Calcium-channel blockers are used to treat various conditions of the heart and blood vessels. For example, angina, high blood pressure and Raynaud's phenomenon.
What are calcium-channel blockers?
Calcium-channel blockers (sometimes called calcium antagonists) are a group of medicines that affect the way calcium passes into certain muscle cells. They are used to treat various conditions including high blood pressure, angina, Raynaud's phenomenon (see below), and some abnormal heart rhythms (arrhythmias).
A calcium-channel blocker can be used alone. However, one is often combined with another medicine to treat high blood pressure or angina when one medicine alone has not worked so well.
How do calcium-channel blockers work?
The heart is mainly made of special muscle cells which contract to pump blood into the blood vessels (arteries). The walls of the arteries also contain 'smooth' muscle cells. When these contract, the artery narrows. The heart muscle cells and smooth muscle cells need calcium to contract. Calcium passes into these cells via tiny 'channels'.
Calcium-channel blockers reduce the amount of calcium that goes into these muscle cells. This causes these muscle cells to relax. So, the effects of these medicines are:
- To widen the arteries, which:
- Reduces the blood pressure.
- Helps to ease angina by widening the coronary arteries.
- Can ease symptoms of Raynaud's phenomenon. In this condition you have cold and painful fingers and toes caused by narrowing of the arteries in the hands and feet.
- To reduce the force and rate of the heartbeat. This helps to prevent angina pains.
Different types of calcium-channel blockers
Different types of calcium-channel blockers differ in their main sites of action in the body. Therefore, different types are used for different conditions.
Angina and high blood pressure are commonly treated with verapamil. It is also used to treat certain arrhythmias (when the heart rate is abnormally fast). This is because it also blocks calcium going into the special conducting cells in the heart and so it can slow the heart rate. You should not take verapamil in addition to a beta-blocker medicine.
Angina and high blood pressure are treated with diltiazem. It is sometimes used to treat abnormal heart rhythms (arrhythmias). It can be used in addition to a beta-blocker if this combination is necessary.
As a rule, you should not take verapamil or diltiazem if you have heart failure. This is because they 'relax' the heart, and can make heart failure worse.
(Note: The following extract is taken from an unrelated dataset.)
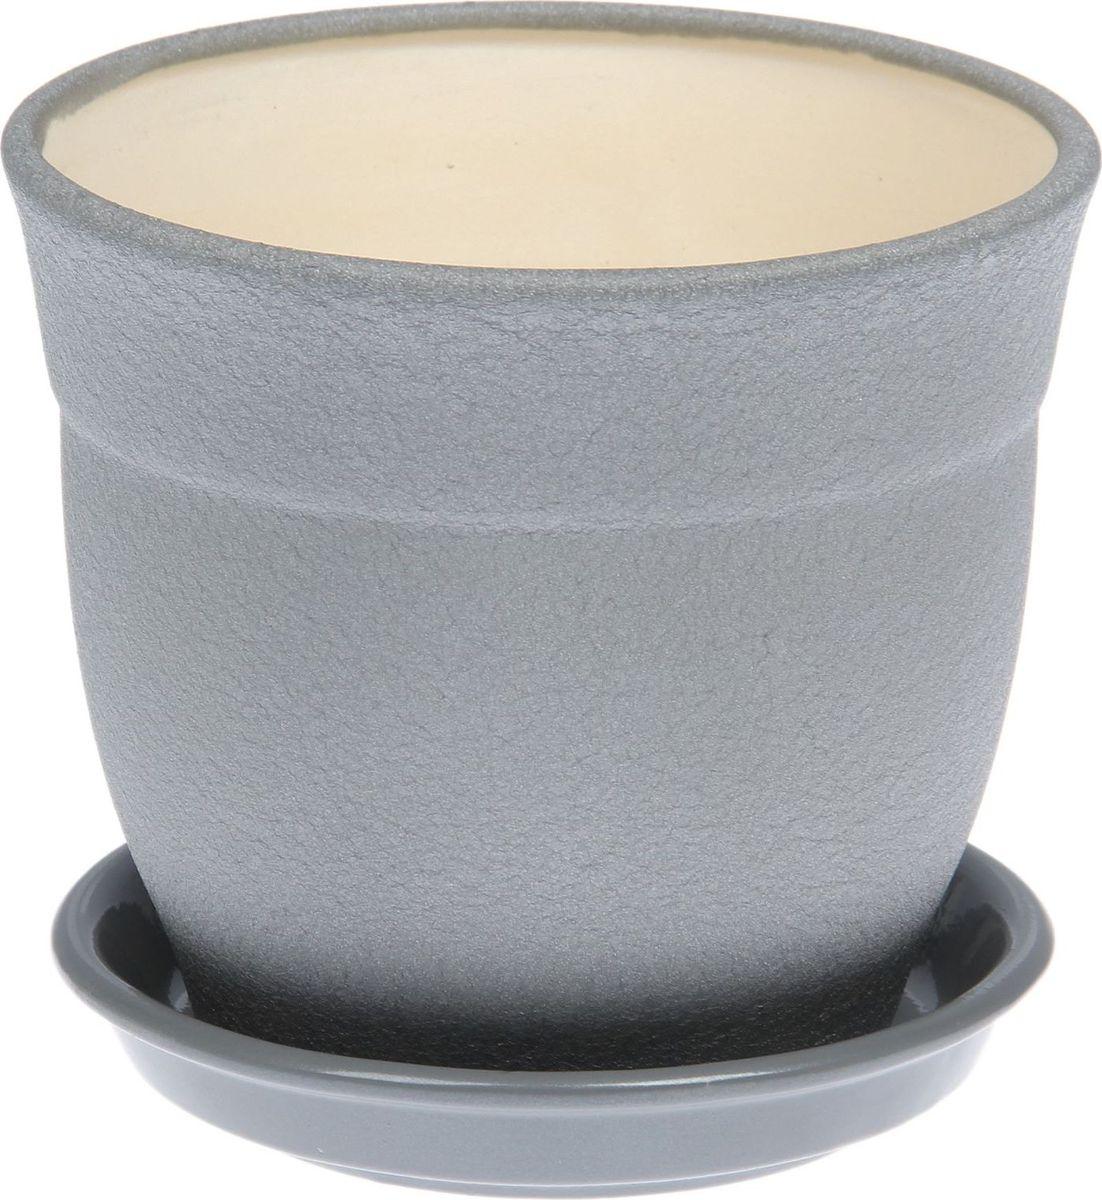 Кашпо Керамика ручной работы Флорис, цвет: серебристый, 1,2 л1489728Комнатные растения — всеобщие любимцы. Они радуют глаз, насыщают помещение кислородом и украшают пространство. Каждому из них необходим свой удобный и красивый дом. Кашпо из керамики прекрасно подходят для высадки растений: за счёт пластичности глины и разных способов обработки существует великое множество форм и дизайновпористый материал позволяет испаряться лишней влагевоздух, необходимый для дыхания корней, проникает сквозь керамические стенки! #name# позаботится о зелёном питомце, освежит интерьер и подчеркнёт его стиль.
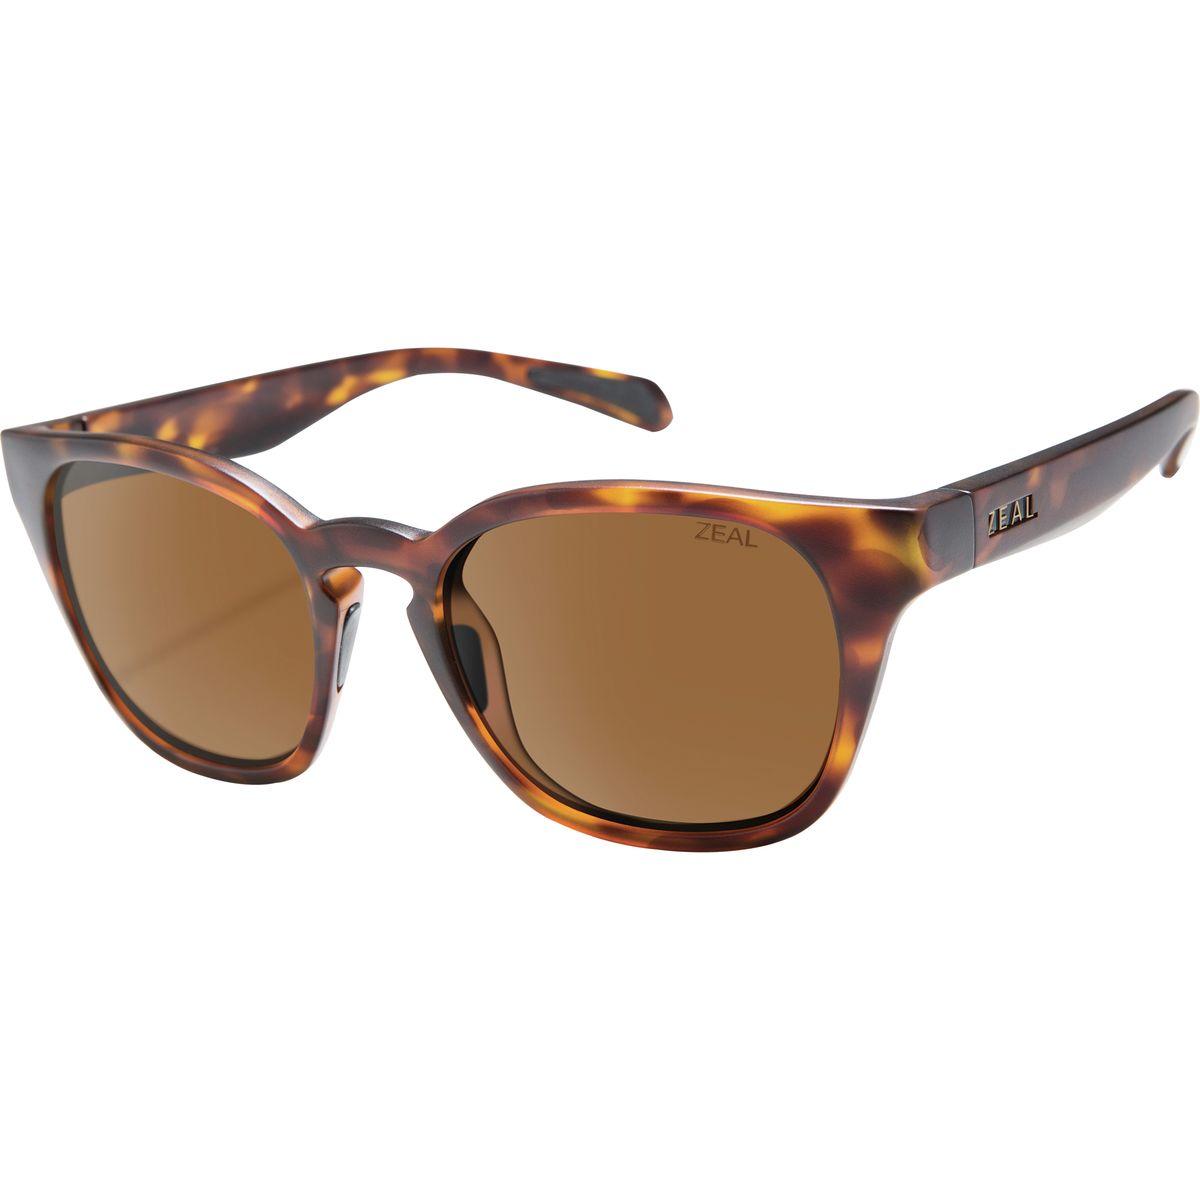 Zeal Windsor Polarized Sunglasses

Dihydropyridine calcium-channel blockers
These include amlodipine, felodipine, isradipine, lacidipine, lercanidipine, nicardipine, nifedipine, and nimodipine. These have more effect of relaxing blood vessels, and less effect of relaxing the heart muscle than verapamil or diltiazem. Most are used to treat high blood pressure or angina. But, isradipine, lacidipine, and lercanidipine are only used to treat high blood pressure. Nifedipine is also used to treat Raynaud's phenomenon.
As they do not affect the heart muscle much, dihydropyridine calcium-channel blockers are not useful for arrhythmias. They are also unlikely to make heart failure worse. You can take one of these in addition to a beta-blocker. In fact, a dihydropyridine calcium-channel blocker in addition to a beta-blocker medicine is commonly used to prevent angina pains if either does not work well enough alone.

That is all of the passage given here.